The data is now fully loaded and ready for some analyzing. But seven hundred thousand row is such an intimidatelingy large number. Maybe filter out all measurements for the counter nearest the school, at Rauwelkoven? The ID ("Meetpunt code") there is "FMN GV 21 Geel". Group those row by day of week and show the averages in a graph.

In [None]:
# Up to you!



This plot shows that most of the traffic is done on weekdays, less in weekends (but sligthly more on Sundays than Saturdays). Annoying: the days are out of order:

![](../files/2023-10-02-23-26-39.png)

Fix that one first! (And you are [never](https://stackoverflow.com/questions/47255746/change-order-on-x-axis-for-matplotlib-chart) the first with a problem.)

In [None]:
# Up to you!



Should this be a line or a bar graph, by the way? There are nice graphs about which graph to use:

![](../files/2023-10-03-19-20-09.png)

So we can use bars for days, but not for hours of the day or months (to many bars will decrease readability).

So we know weekdays are popular, which implies that the road is used more for traffic to and from school/work. This should also show up in the hours of the day it is being used.

Show the same graph but grouped by hour of the day. Also, show all hours of the day, something like:

![](../files/2023-10-03-10-38-14.png)

In [None]:
# Up to you!



There aren't many cyclists on weekends, but maybe they are responsible for the nightly rides, where the week-traffic is more during the day. We also see a spike around 7 and 8, which is when the commuters are using the road. They should be gone on Saturday and Sunday, no?

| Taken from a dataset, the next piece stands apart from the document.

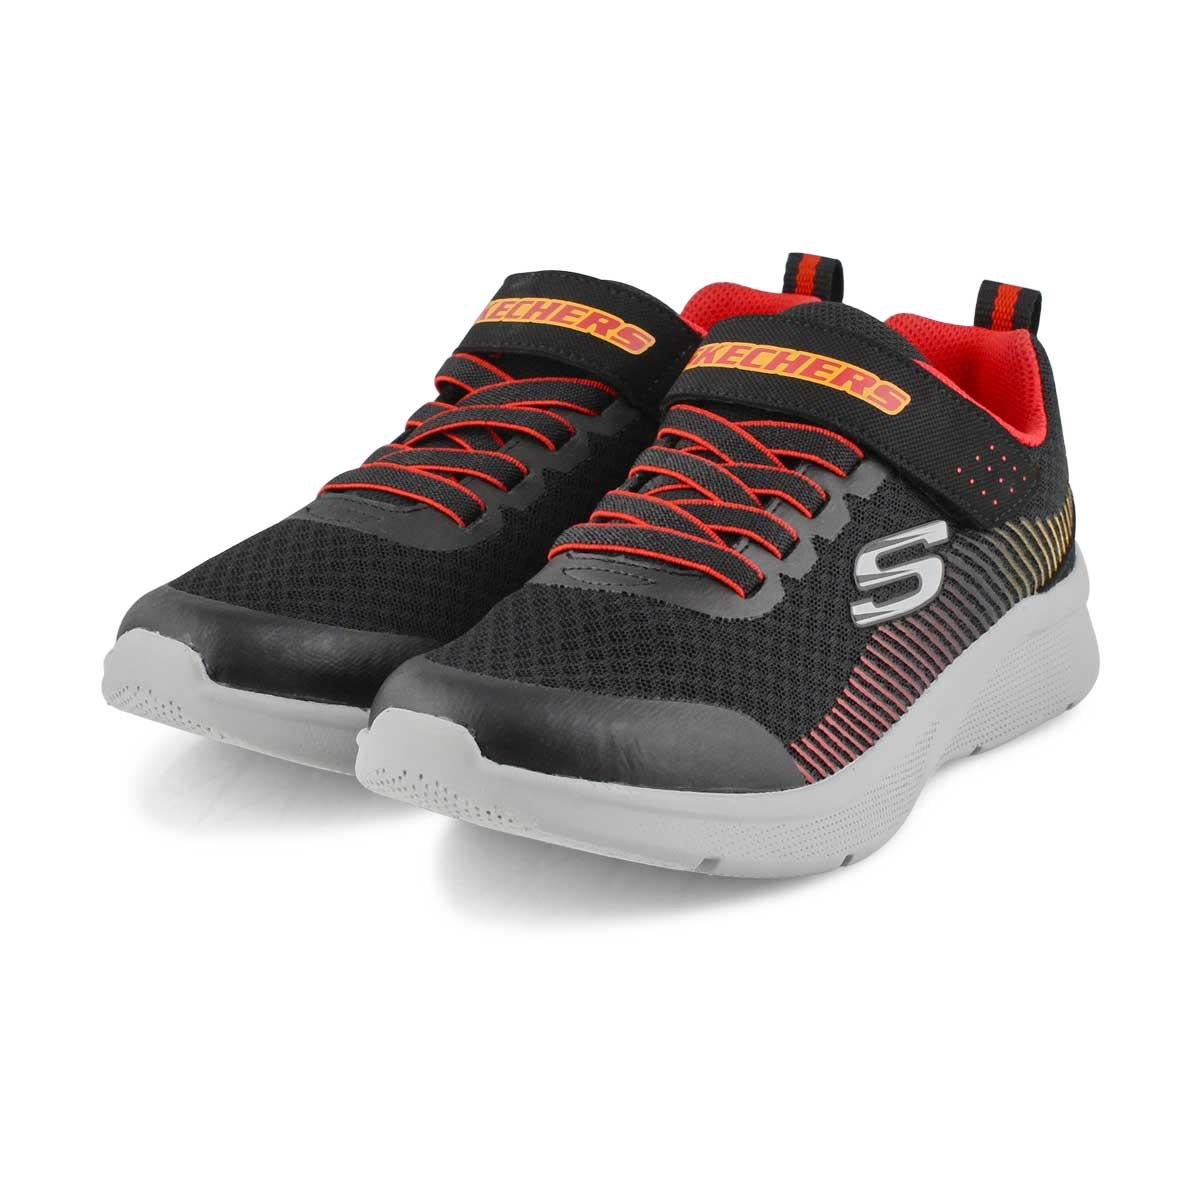 Bys Microspec blk/red sneaker
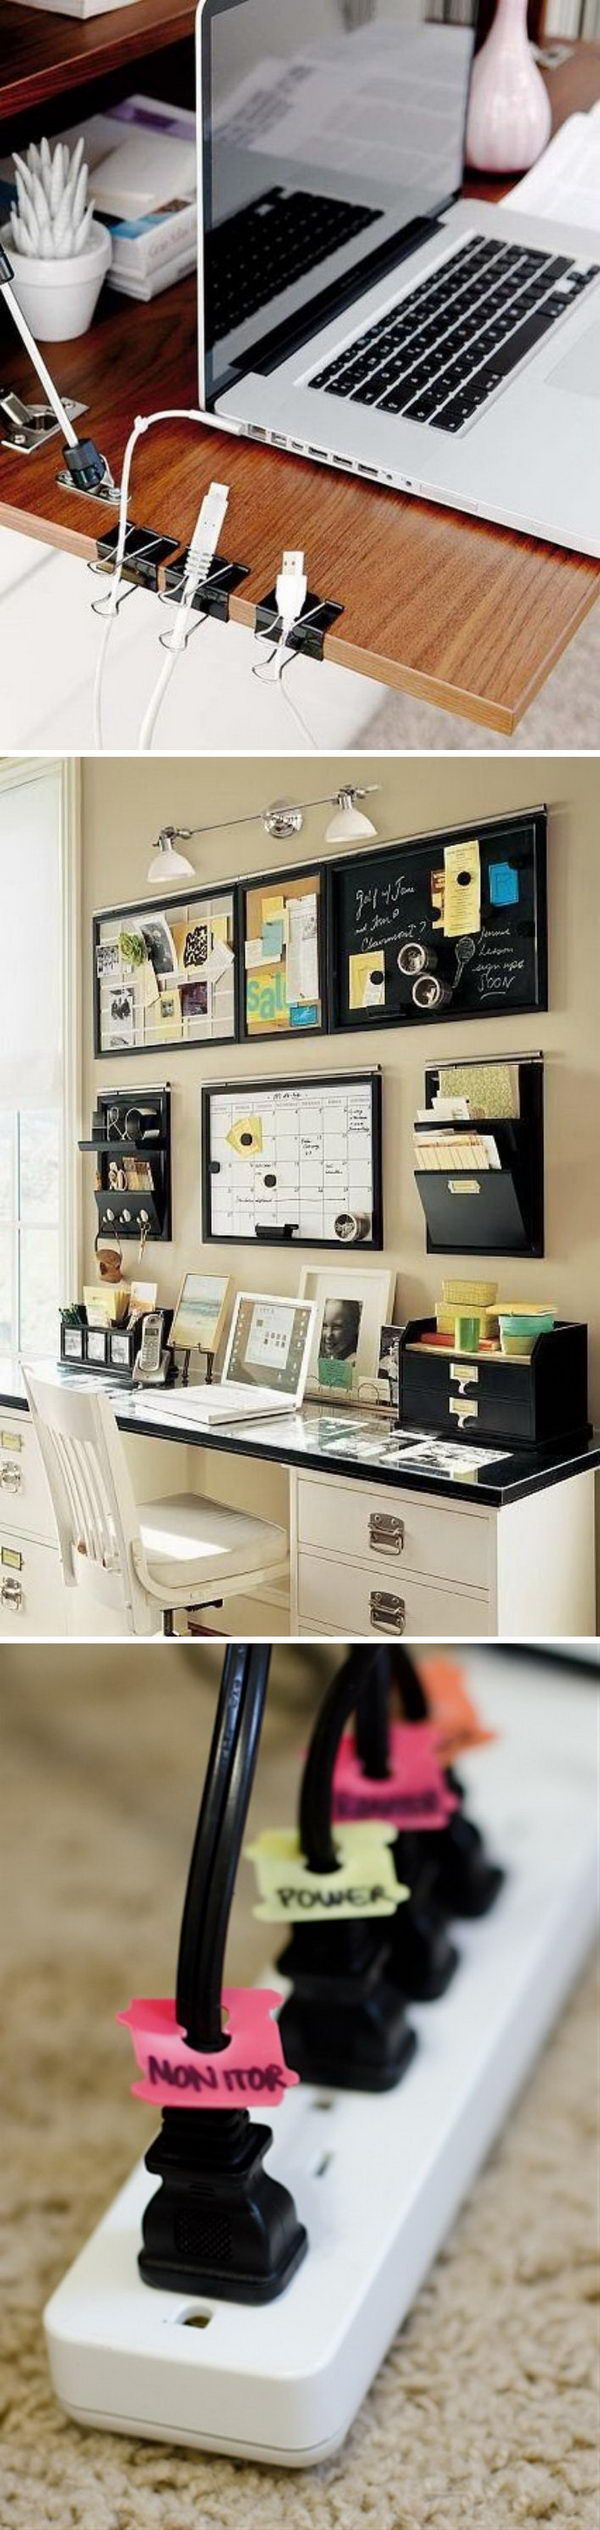 best 25 work office decorations ideas on pinterest decorating work cubicle work desk decor. Black Bedroom Furniture Sets. Home Design Ideas

Draw a graph showing the average of the total nr of cyclists ("Aantal fietsers", not "van" and "naar") for weekends and weekdays. ([tip](https://datascienceparichay.com/article/pandas-check-weekday-or-weekend/))

In [None]:
# Up to you!



What about the impact of the seasons? Are there more cyclists in the summer, or less because we have fewer commuters?

Show a graph of the average number of cyclists overy month for weekends and for weekdays.

In [None]:
# Up to you!



If ever a graph explained how humans work, this would be it.

* Weekendcycling is up when it's nice and warm (April-September).
* Weekcycling has a spike in September ("This year, I'll commute by bike!) and a quick and sharp fall afterwards.
* In February the new years resolutions kick in and people start cycling again.
* Weekcycling is up when it's warm, but has a fall during the holidays (July and August).

Finally, recreate this graph but with all records, not just the ones from "fmn_gv_21".

In [None]:
# Up to you!



The spikes are still there, but the difference between week and weekend is somewhat smoothed over.

## Boxplots

We've done a lot of line charts, but maybe a boxplot would be interesting as well. Could we show a boxplot of all daily averages for all the measuring points per month?

In [None]:
# Up to you!



There seems to be one outlier, a bikepath with a monthly average of over 800 cyclists. Which is it?

In [None]:
# Up to you!



There are rules to calculate outliers, but the most common one is the 1.5 * IQR rule. This datapoint is definitely an outlier. Remove it!

In [None]:
# Up to you!



Now look at only the averages and explain your data.